Sunny Cheung , Kai-shing Lau
On October 21, the Chinese artificial intelligence (AI) company DeepSeek (深度求索) announced the release of a new tool to converts large text datasets into compact image-based formats: DeepSeek-OCR (DeepSeek, October 21). While not the long-awaited R2 large language model (LLM), the firm’s latest release shows that it is continuing to innovate, even as it moves deeper into the orbit of the Party-state. DeepSeek’s success, however, has brought it to the attention of not just the government in the People’s Republic of China (PRC), but also the military.

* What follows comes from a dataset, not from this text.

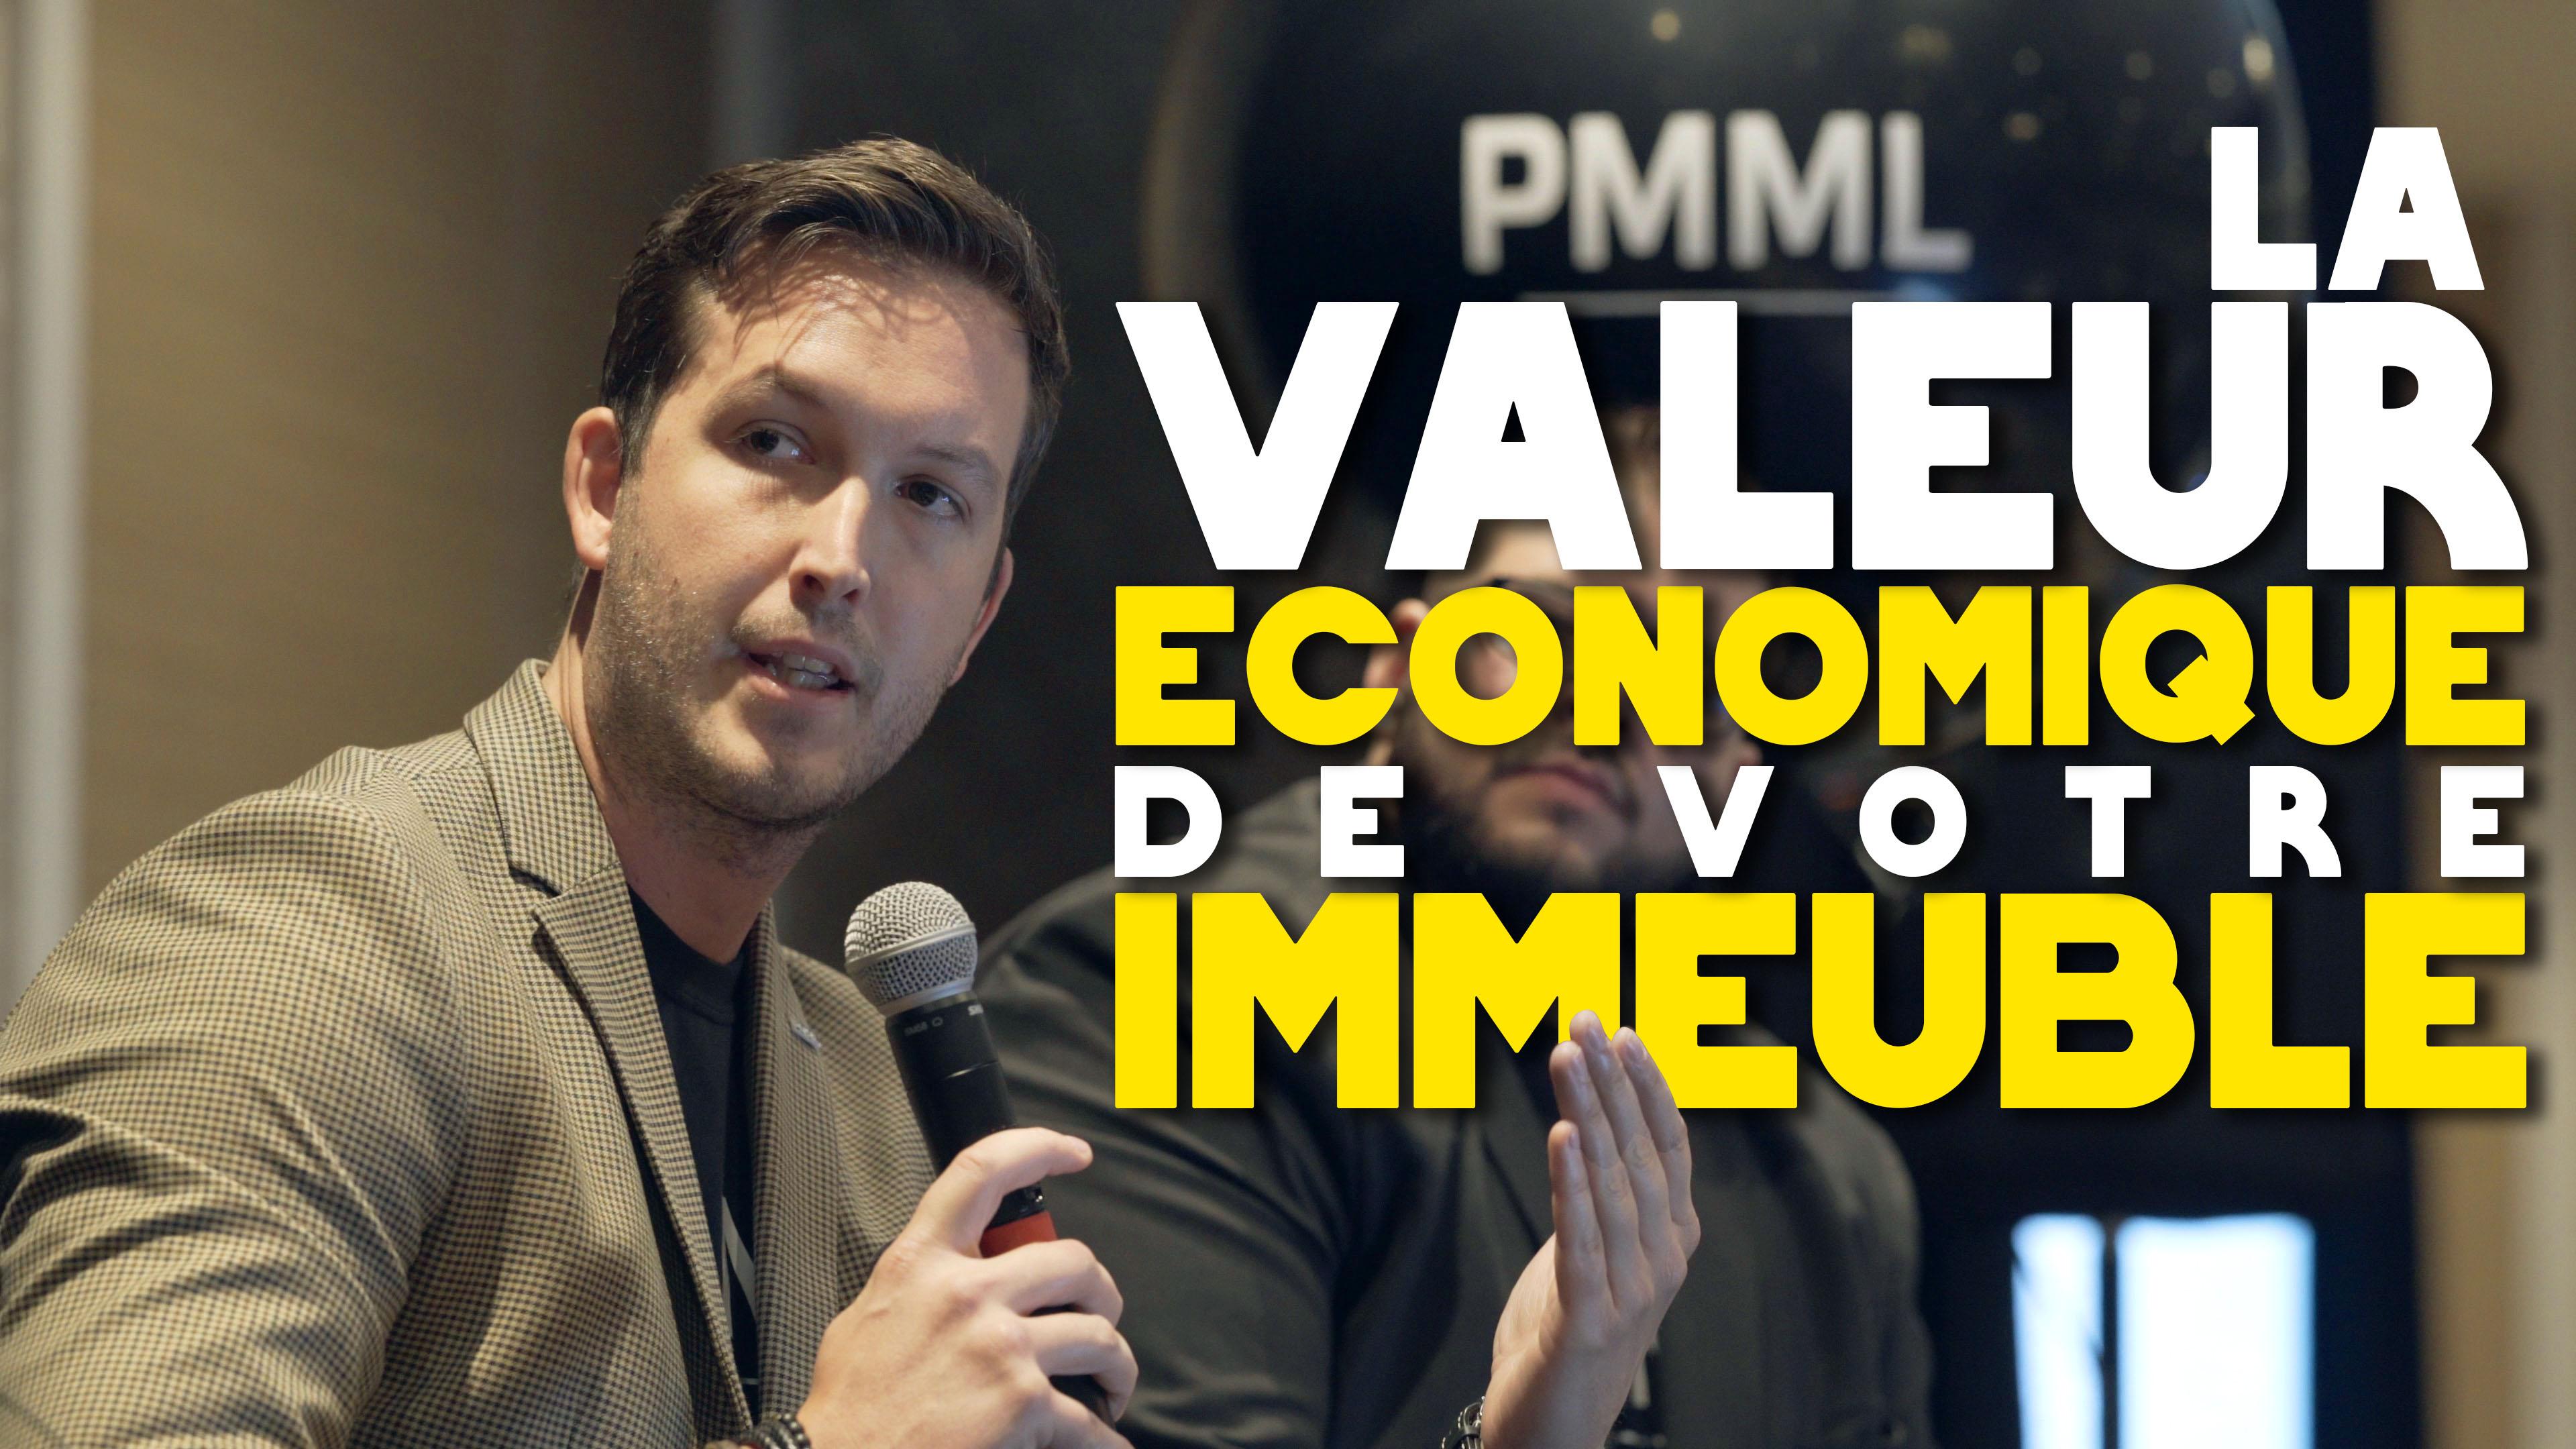 Valeur_economique_immeuble
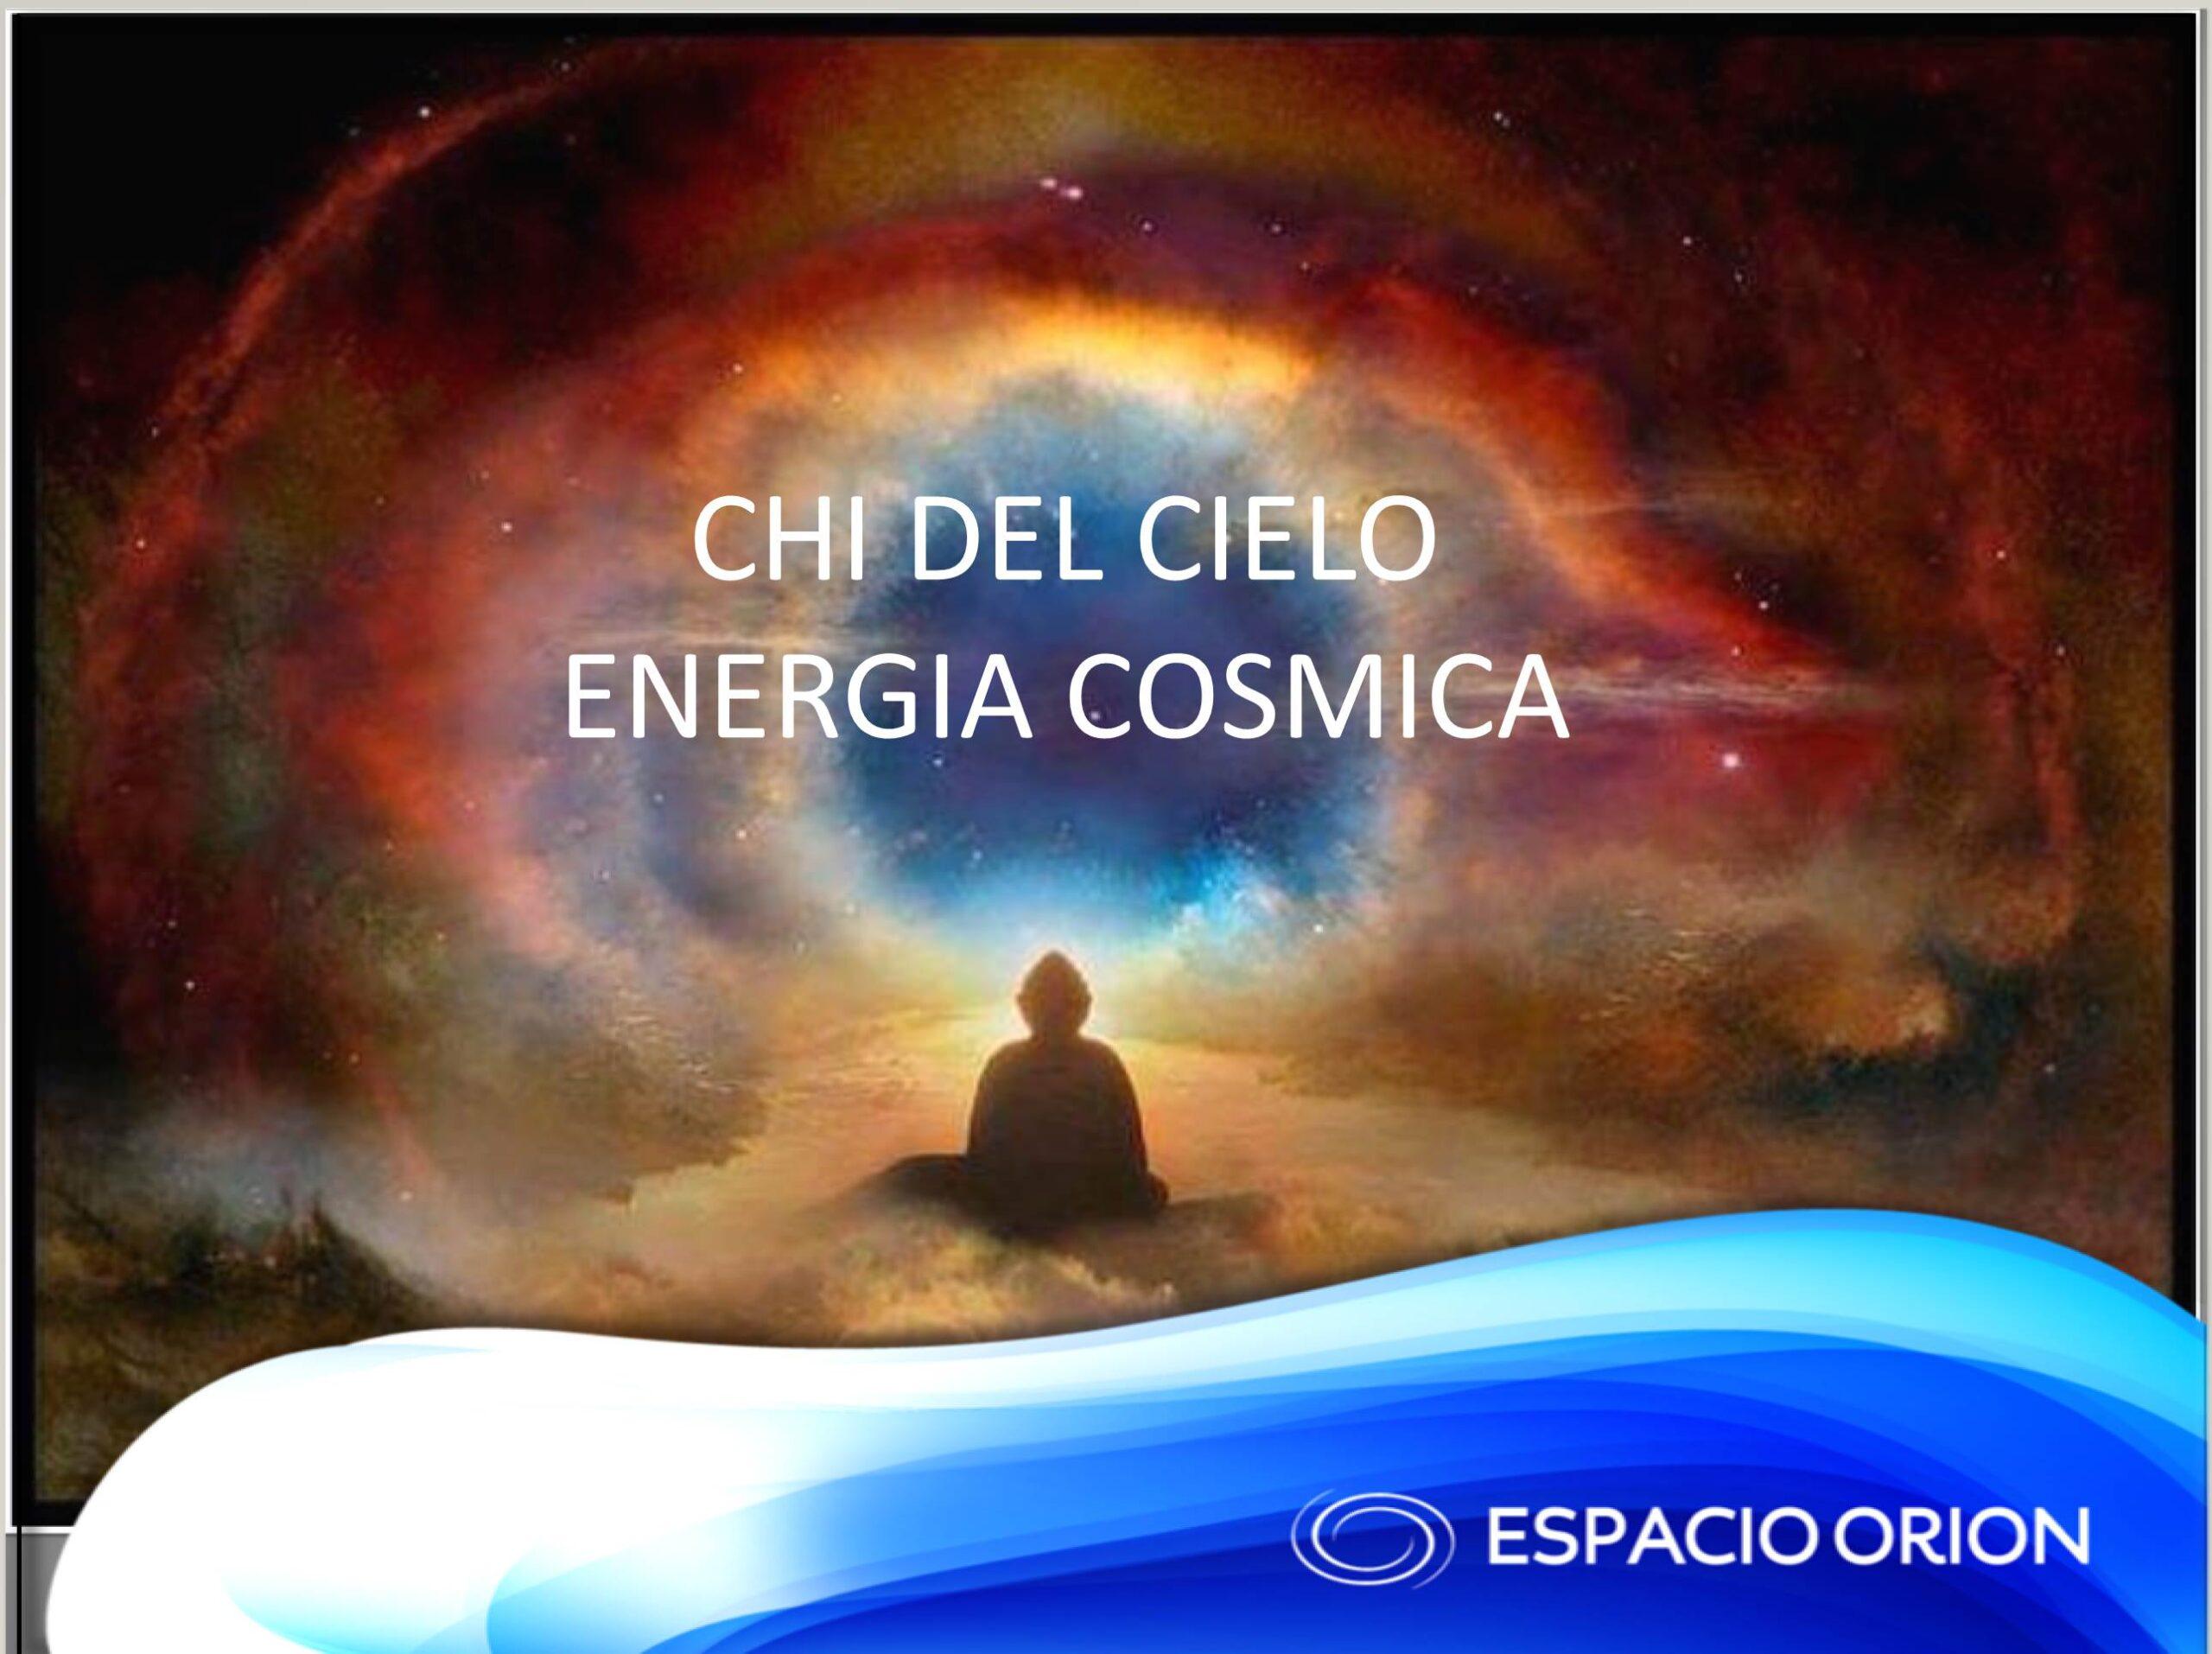 El Chi es la fuerza vital, la energía que une todas las cosas, es el vasto campo de energía del universo. Esta energía da vida a los seres y se libera nuevamente en el cosmos cuando los seres desaparecen. La energía es dinámica, circula de manera invisible a través de los diferentes espacios. Los seres humanos somos afectados por el flujo de la energía del universo, cuando esta recorre nuestro ambiente.

A procurement platform run by the People’s Liberation Army (PLA) shows that a number of defense companies have won contracts to develop AI tools for the Chinese armed forces. Across the past six months, dozens of distinct procurement documents have explicitly called for tools based on AI models created by DeepSeek. Although the number of procurement notices for military AI are relatively small (the platform posts around 25,000 notices every day), the focus on DeepSeek in the notices that are publicly available is still significant.
DeepSeek’s adoption by the PLA and, to a lesser extent, in the public security domain, is evident beyond this dataset. Research published by military institutions frequently discusses how DeepSeek and other models could be deployed across a range of application scenarios. In some cases, pilots of these systems are already underway. DeepSeek’s models have also been deployed widely across the public and private sectors over the course of 2025, and have become increasingly aligned with state interests (China Brief, March 28, April 25). Given the PRC’s policy of military-civil fusion, PLA deployment of DeepSeek was only ever a matter of time.